Мать Пальмы никогда не ходила в степь. Она была из тех женщин, которым за пределами города всё кажется пустынным, диким. Теперь, когда они остались одни, она запретила девочке ходить в Бругьеру.

– Без папы ты заблудишься в этих ужасных глухих местах, – строго сказала она.

Пальма ответила:

– В самую тёмную ночь я найду дорогу.

– Кто же тебе её покажет, девочка?

– А кто показывает дорогу землеройке или кроту?

Пальма очень тосковала по степи. Она привыкла к вольному, широкому простору, сладким странным запахам. А теперь как раз пора, когда вереск цветёт и все его маленькие колокольчики полны мёду.

Однажды она попросила старого друга отца сводить её в Бругьеру, но он сказал:

– Мама не разрешила тебе. Не надо её огорчать.

И Пальма оставалась в городе. Томительно тянулись долгие дни. От отца не было никаких известий. Полицейские вваливались в дом, когда им вздумается; они перехватывали письма, которые приходили по почте, шарили в шкафах и сундуках.

– Не ради этого мы сражались с миланцами, – шептал старый волонтёр, – а Гарибальди благодарил нас, свой пятый батальон, вон с того балкона на улице Арнелли.

Пальма навсегда запомнила историю тех времён. Её дедушка и два его сына были убиты в бою, и никто не знал, где их могилы.

Когда приходили жандармы, большие печальные глаза девочки следили за ними с таким презрением и ненавистью, что начальник как-то сказал:

– Придушить бы этого проклятого щенка!

Но у них пока ещё не было разрешения убивать детей. Это не помешало начальнику заметить:

– Уничтожаем же мы выводок гадюк, почему нельзя уничтожить отродье социалиста и антимонархиста?

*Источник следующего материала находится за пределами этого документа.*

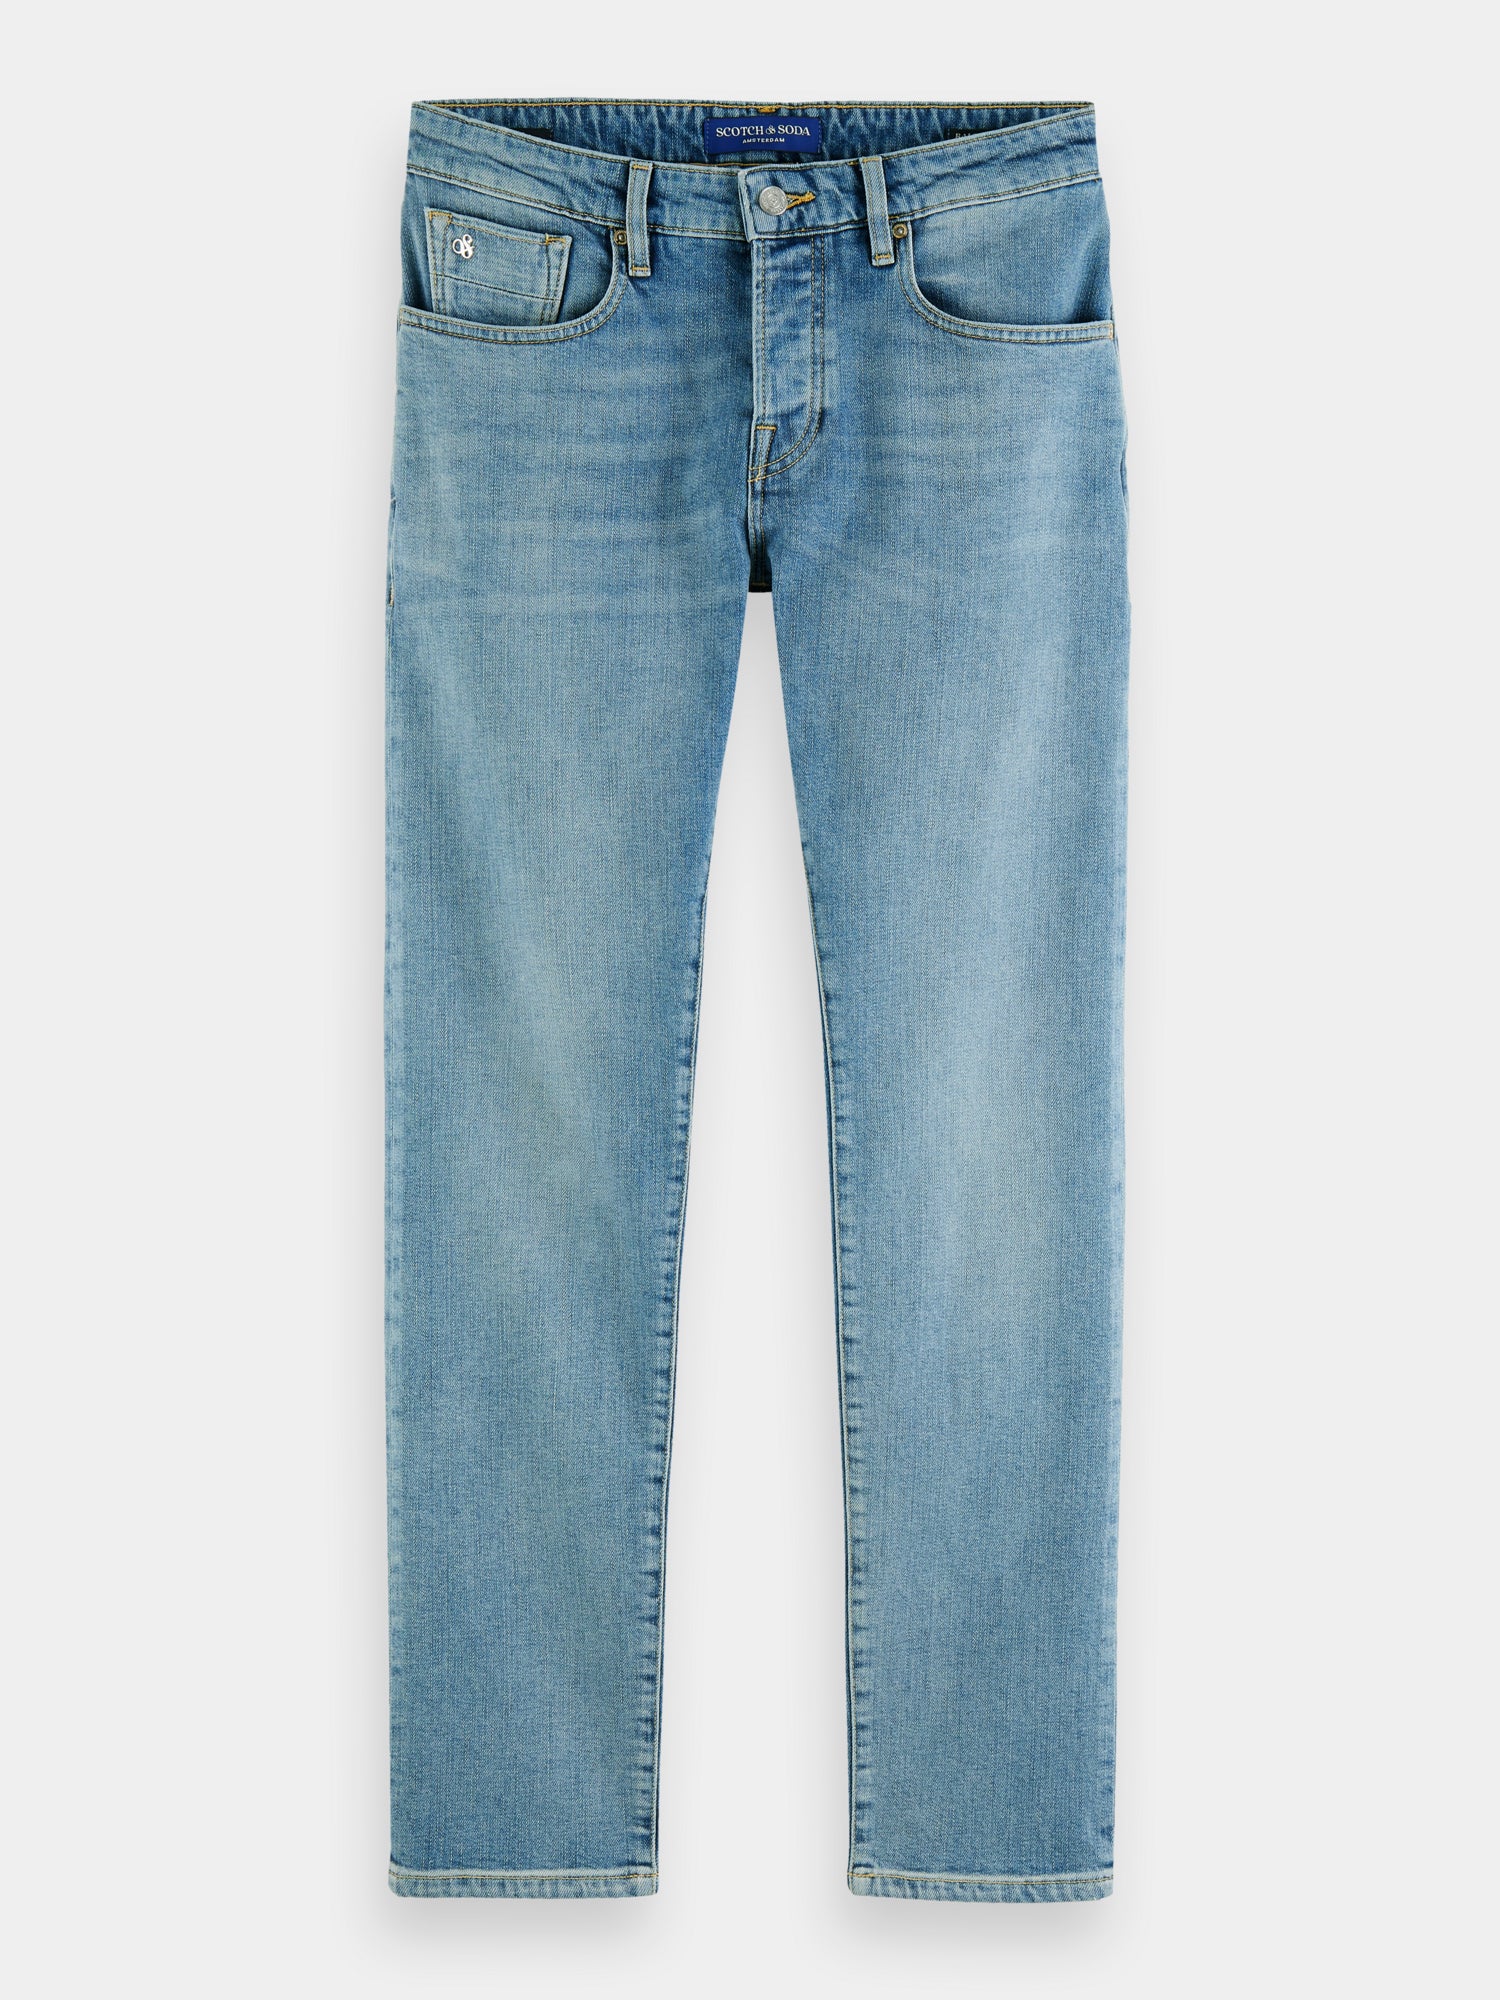 Ralston regular slim fit jeans - Aqua Blue

Однажды мать и девочка прочитали в газетах, что Долабелла бежал из миланской тюрьмы. Много месяцев томился он там. То и дело его вызывали на допросы, но всякий раз отводили обратно в камеру, а день суда всё не назначали.

Пальма молчала, только лицо её просияло. А полицейские, усилившие слежку за их домом, говорили друг другу: «Этот зверёныш знает, где скрывается Долабелла».

Но ни Пальма, ни её мать этого не знали. Во мраке ночи, в своей спальне, они боязливо перешёптывались: «Он даст о себе знать. Может быть, мы увидимся с ним. Если он жив, он ни перед чем не остановится, только бы повидать нас».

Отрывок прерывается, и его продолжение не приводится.